To make these preparations more complete, one should consider setting the BIOS to boot only from the main hard disk and locking this setting with a BIOS password.

To set authentication for Single user mode edit /etc/inittab and add following line below initdefault.


id:3:initdefault
~~:S:wait:/sbin/sulogin


This will restrict Single User mode without authentication.

Setup proxy setting in a text based linux machine


In generic scenario internet access is running through proxy in small offices in that case Linux command line utilities those require internet access to work like wget, curl, yum and apt-get don't work. The question comes at

How to install packages using proxy by yum?
How to install packages using proxy by apt-get?
How to download file from command line using wget?

All these utilities are depends on shell variables http_proxy and ftp_proxy to work on proxy.

So, to use proxy server to access http/https from a linux machine in CLI, set the environment variable http_proxy. This will allow wget and python’s urllib modules and other applications (yum, apt-get etc) to use this environment variable and access http/https using the settings assigned to the variable http_proxy.

The below would be the ideal way of assigning values for http_proxy variable.
 
$export http_proxy=”http://ipaddress:port

In the same way use ftp_proxy variable to access ftp

$export fttp_proxy=”http://ipaddress:port

Add these two lines to  ~/.bashrc so that this variable exported every time user logs in to machine.

Argument list too long

Suppose, there are 1,30,000 files to move from one directory to another, what will happen

# mv *.txt test
Oh!! There is an error

mv: Argument list too long.
What to do?

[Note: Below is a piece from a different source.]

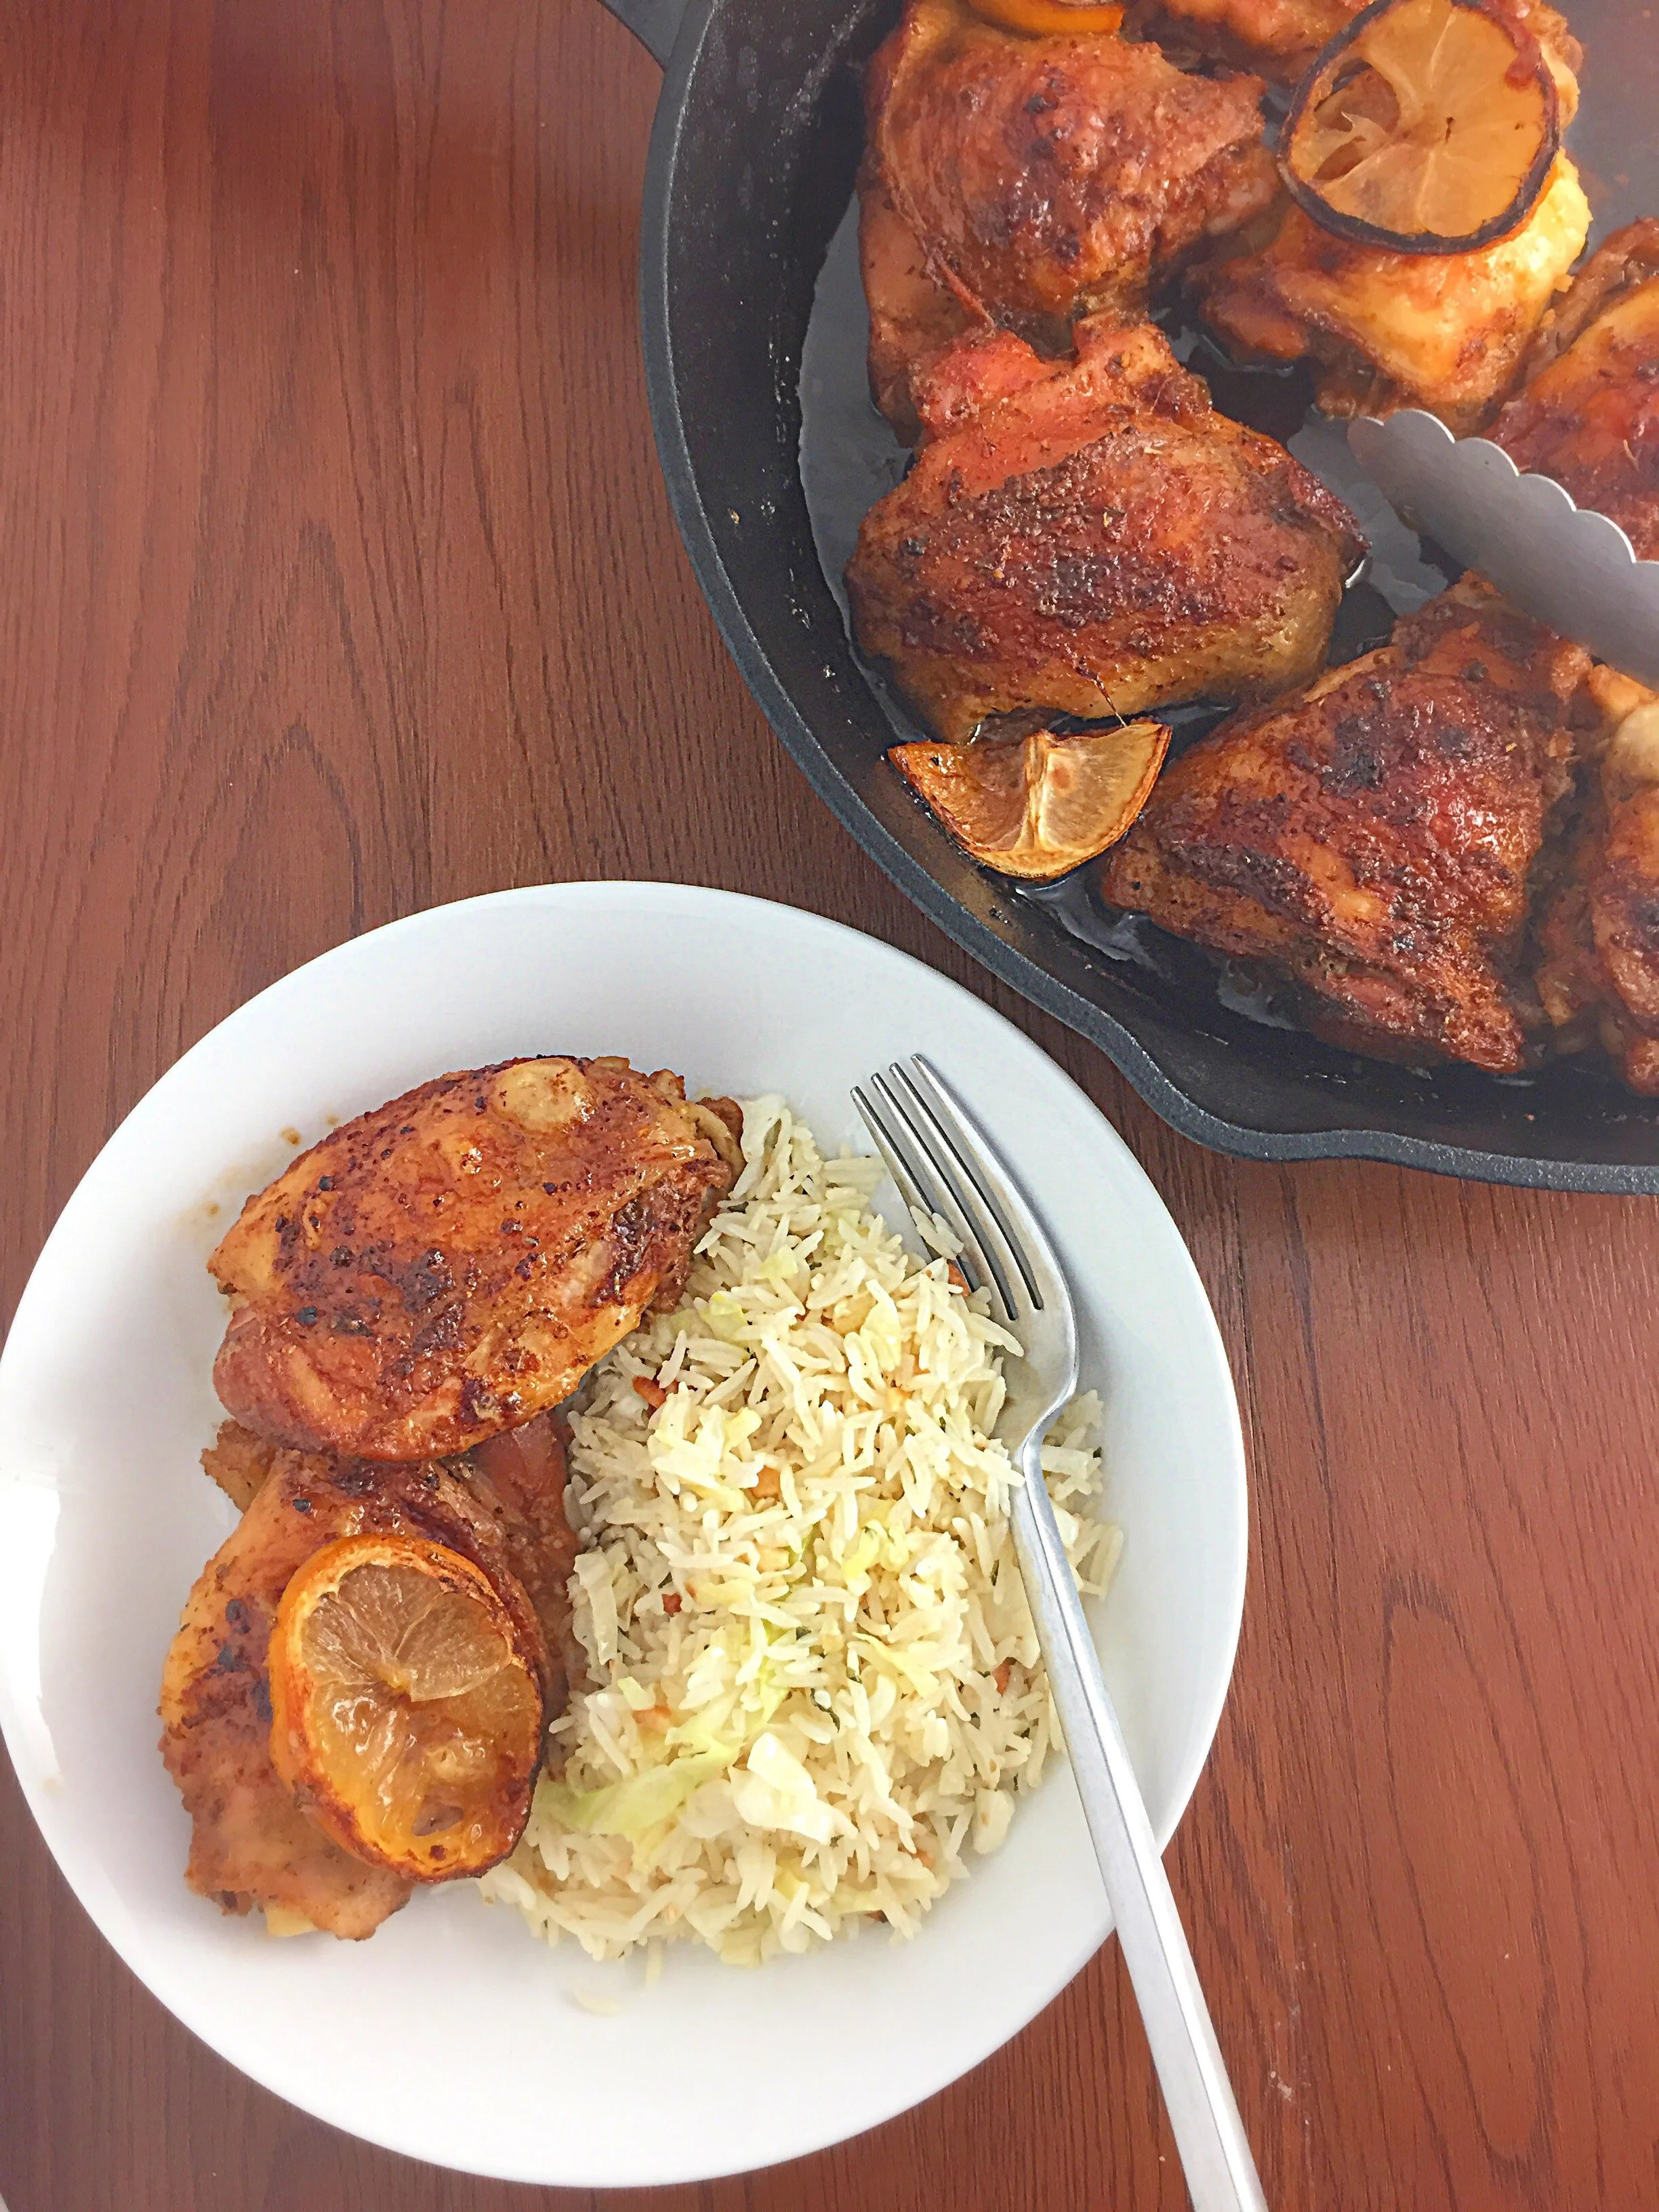 Lemon-Honey-Glazed Roast Chicken

Simple answer is to use find command

#find . -maxdepth 1 -name ‘*.txt’ -exec mv ‘{}’ test \;

Here,

. : defines search directory
-maxdepth : disables recursive search and searches only in the current directory. It allows you to control how deep into sub directories it will recurs. With ‘-maxdepth’ 1 it will only search in current
directory.
-name : string to be searched
-exec : Applies a command to set of file that has been searched
{} : Inserts each found file into given command after -exec
\; : Indicates the exec command line has ended

The above example searches for *.txt files in current directory and moves it to the test directory. 

bad interpreter no such file

Sometimes shell scripts in Linux gives error like,

bash: ./t1.sh: /bin/sh^M: bad interpreter: No such file or directory

This happens whenever the files are transferred from Windows machine to Linux Machine over network. Reason being different OS uses different line ending characters. Have a look at below table

OS Line End Character
UNIX/Linux LF '\n'
DOS CRLF '\r' and '\n'
MAC CR only '\r'

CR (Carriage Return): return cursor to left margin, (Ctrl-M(^M) or hex 0D) 
LF (Linefeed): move cursor down, (Ctrl-J(^J) or hex 0A)

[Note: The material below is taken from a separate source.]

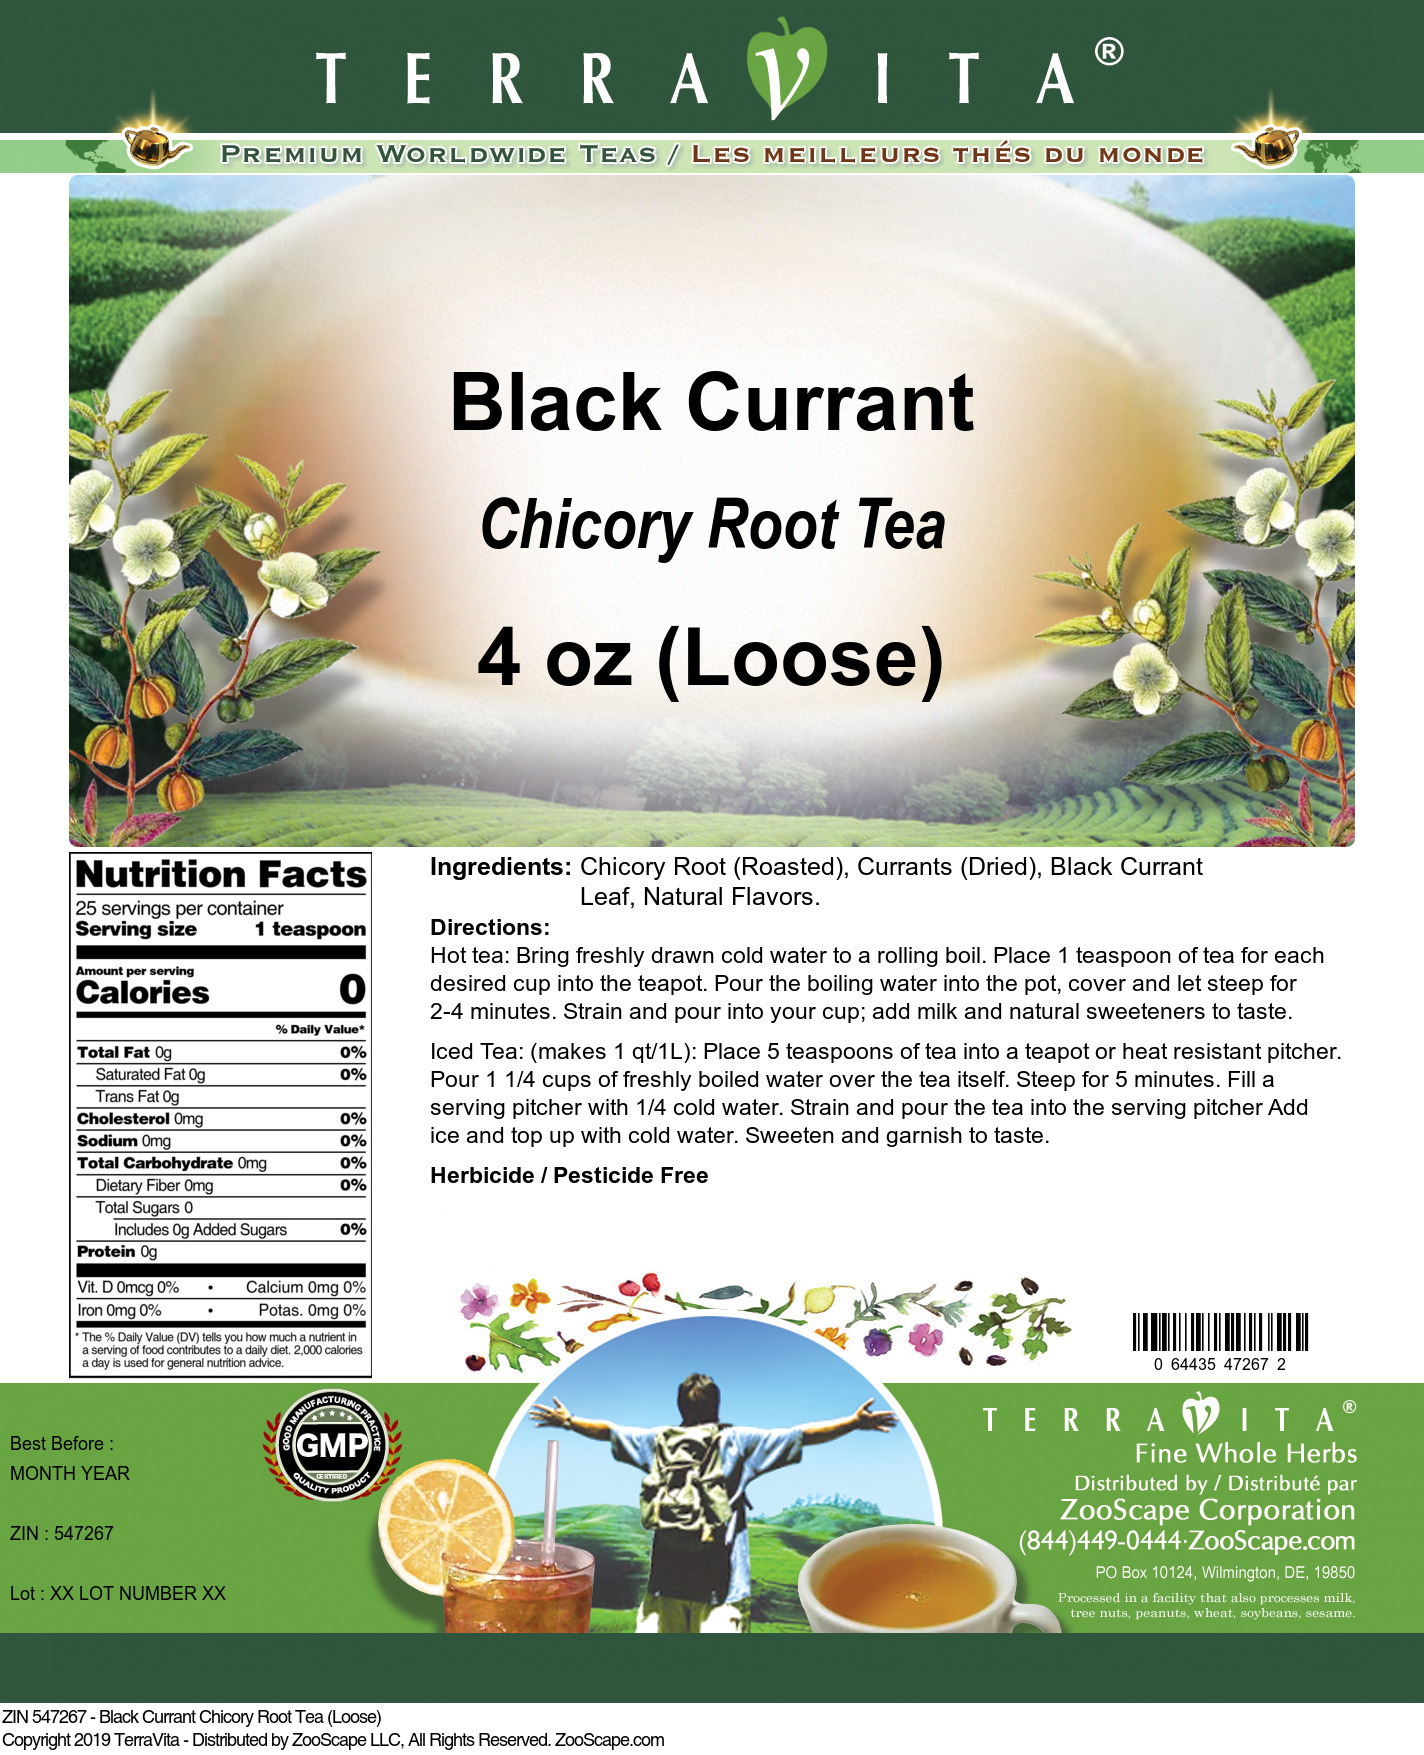 Black Currant Chicory Root Tea (Loose)

Combination of cat and sed command can easily solve this issue.

Example:


1. Create a simple shell scripts having (Ctrl+M) character at each line end. Download example code from here and save it as bad_int.sh

#!/bin/sh^M$
^M$
ls -l^M$

2. Make script bad_int.sh executable and run it from shell.

$ chmod +x bad_int.sh
$ ./bad_int.sh
bash: ./bad_int.sh: /bin/sh^M: bad interpreter: No such file or directory
$

3. Use cat and cat -A command to differentiate file contents.

$ cat bad_int.sh
#!/bin/sh

ls -l
$ cat -A bad_int.sh
#!/bin/sh^M$
^M$
ls -l^M$
$

Note: -A argument of cat command displays non printable characters

4. Now, at last remove all occurrence of (^M) character from the script using combination of cat and sed command and redirect its output to bad_int_solved.sh, make script bad_int_solved.sh executable and run it from shell.

$ cat -A bad_int.sh | sed -e 's/\^M\$//g' > bad_int_solved.sh 
$ chmod +x bad_int_solved.sh 
$ ./bad_int_solved.sh 
total 12
-rwxr-xr-x 1 jaymin jaymin 20 Sep 11 14:00 bad_int.sh
-rwxr-xr-x 1 jaymin jaymin 17 Sep 11 14:35 bad_int_solved.sh
-rw-r--r-- 1 jaymin jaymin 19 Sep 11 13:37 so.sh
$

Don't confuse with $ character, it represents line ends for Unix/Linux files.